The two panels that comprise this painting are large, together measuring 120 x 100 inches, and so the impression is that of enveloping intensity, though as one studies the surface, delicate details appear. By contrast, Matsu's more broadly painted abstract mural, titled Thousand Regards/Shape of Color, is on display at 170 N. Canon Drive in Beverly Hills on a temporary construction wall for the metro line. The mural is viewable from one's vehicle for up to two miles north on Canon Drive looking south, having a scale of about 20 x 80 feet. Matsu simplifies the shapes in this monumental mural so that it is readable from either a great distance or close up. He selected colors to resonate in the persistent sunshine of southern California, and incorporated palm trees beyond the mural into its greater composition as a "borrowed view," a practice adapted from classic Japanese garden design.

 

In 2020, Matsu created two highly lauded outdoor projects in Tokyo—one at Shinjuku Station (the world's busiest train station) and one at Meiji Shrine (a hallowed place of sudden quietude in the midst of the Tokyo metropolis)—as well as a large scale solo exhibition in Shanghai at the Long Museum. In 2021 (we hope), Matsu will complete an environmental project at Culver City's Ivy Station, once COVID-19 restrictions loosen. For this project, steel and painted structures will come alive with deeply incised carvings of flowers drawn from a late 19th century Japanese compendium of printed botanical motifs.
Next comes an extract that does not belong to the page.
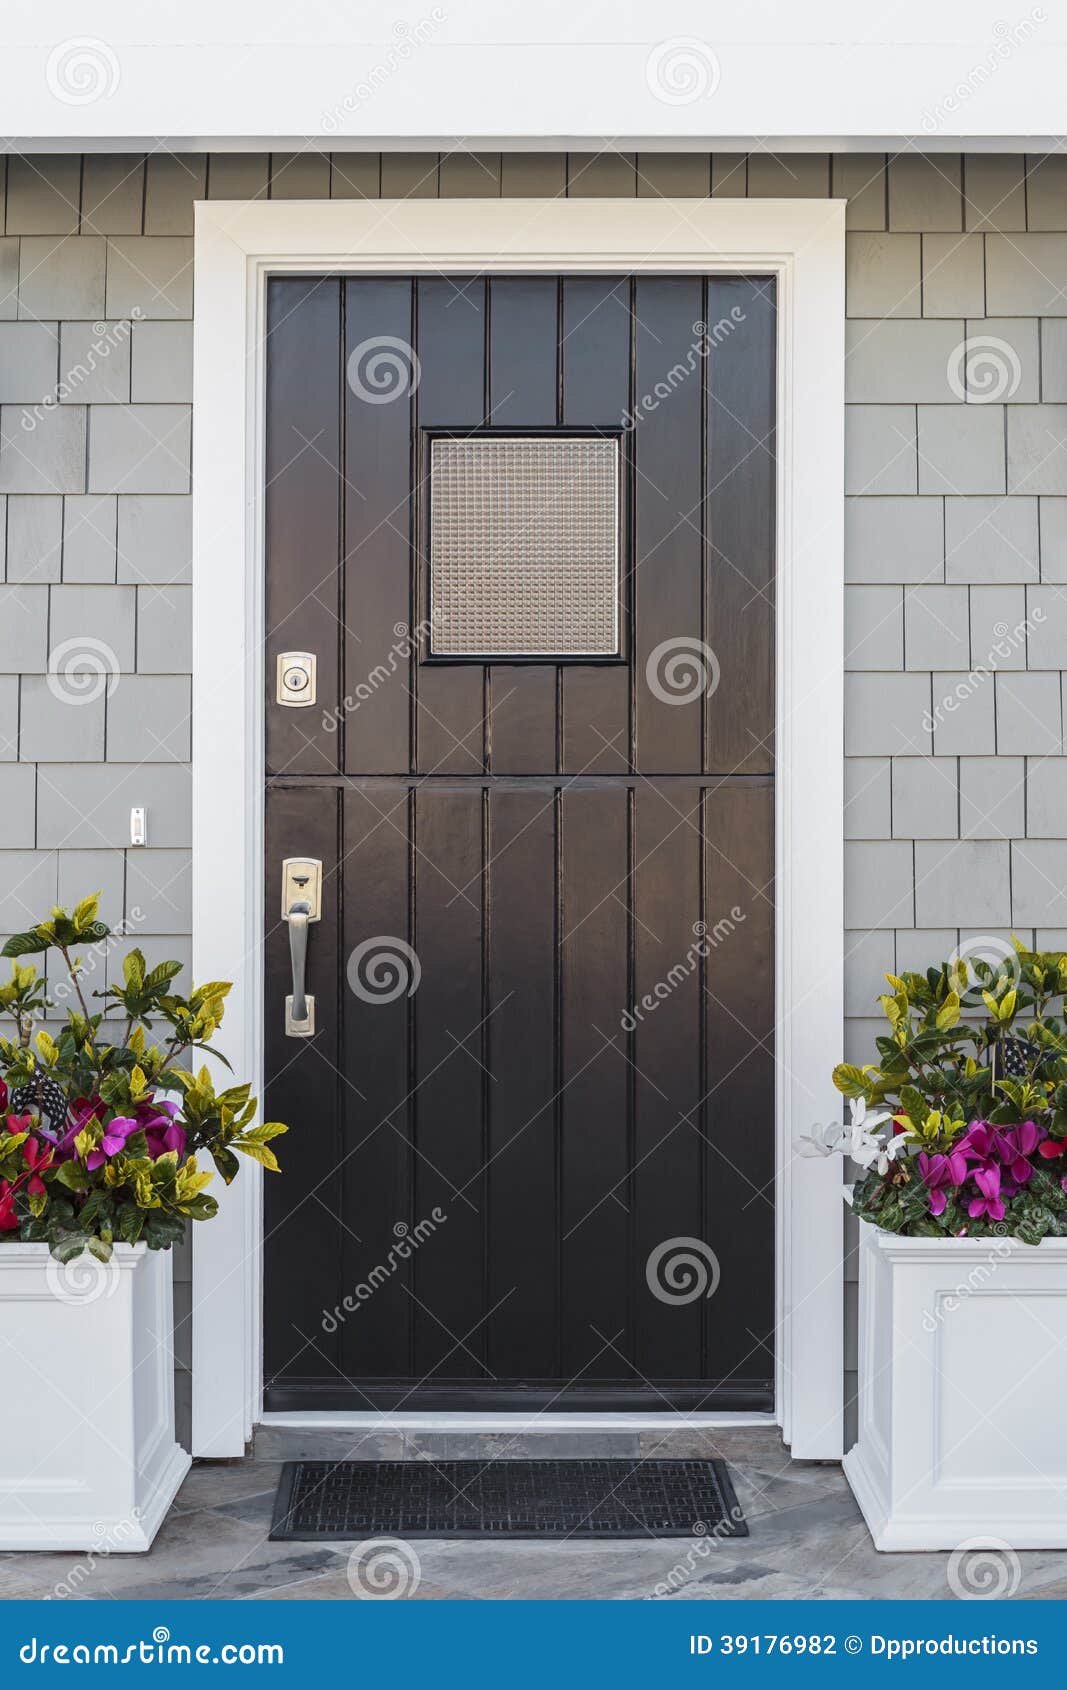 detail of black front door to home

Graceful lines carved into stiff, reflective metal will carry Matsu's dualistic aesthetic into a visually charged environment encountered daily by train commuters, residents, and business clients in the new station. Unlike his two-dimensional pieces, his work in these contexts evokes an equally strong impression when approached from multiple directions and viewpoints.

 

With Matsu's career taking off like a rocket in Asia and across the world, we are extremely fortunate to have three of his diverse works of art in Los Angeles to enjoy in the coming years.

 

*Curator's Note: Names in East Asia run family name first, given name second, so the artist's family name is Matsuyama. The artist also goes by Matsu.